_WORK ORDER_
The listing below holds a line with "2.2. Procedencia de" and a later line with "China high speed". Write out those two lines and every line between them, exactly, and nothing else.

(Beginning of DATA PROVIDED)

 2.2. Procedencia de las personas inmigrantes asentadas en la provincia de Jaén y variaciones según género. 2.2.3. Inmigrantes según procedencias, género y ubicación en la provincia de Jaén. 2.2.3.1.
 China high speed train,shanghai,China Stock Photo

(End of DATA PROVIDED)
(Beginning of DATA PROVIDED)

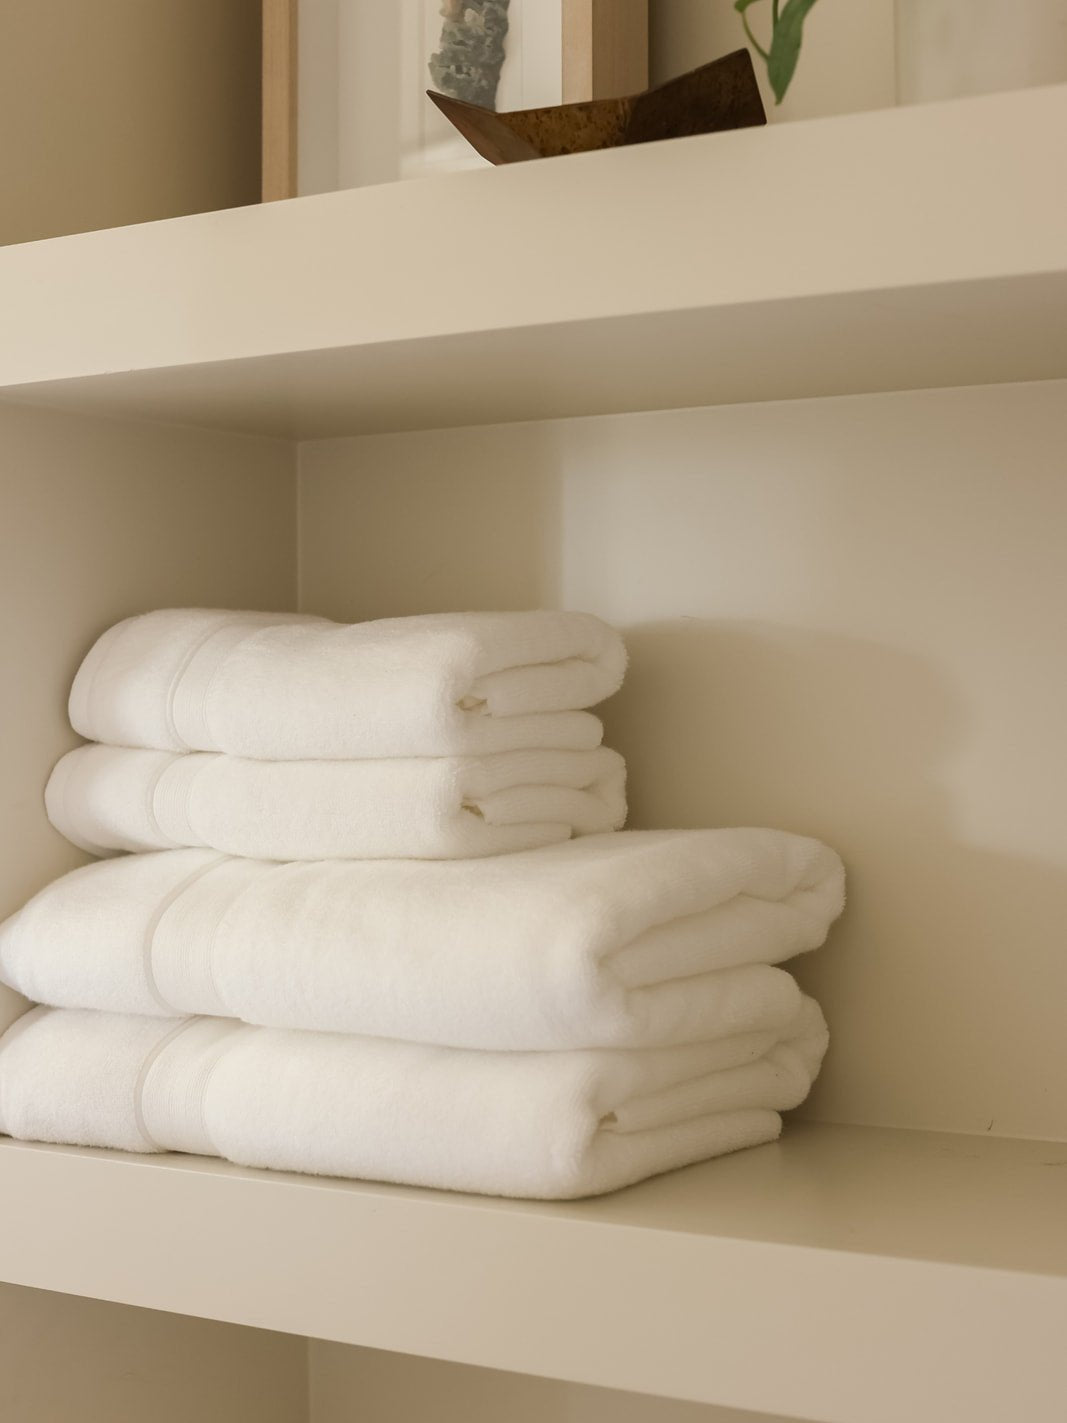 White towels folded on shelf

(End of DATA PROVIDED)

_RESPONSE_
 2.2. Procedencia de las personas inmigrantes asentadas en la provincia de Jaén y variaciones según género. 2.2.3. Inmigrantes según procedencias, género y ubicación en la provincia de Jaén. 2.2.3.1.
 China high speed train,shanghai,China Stock Photo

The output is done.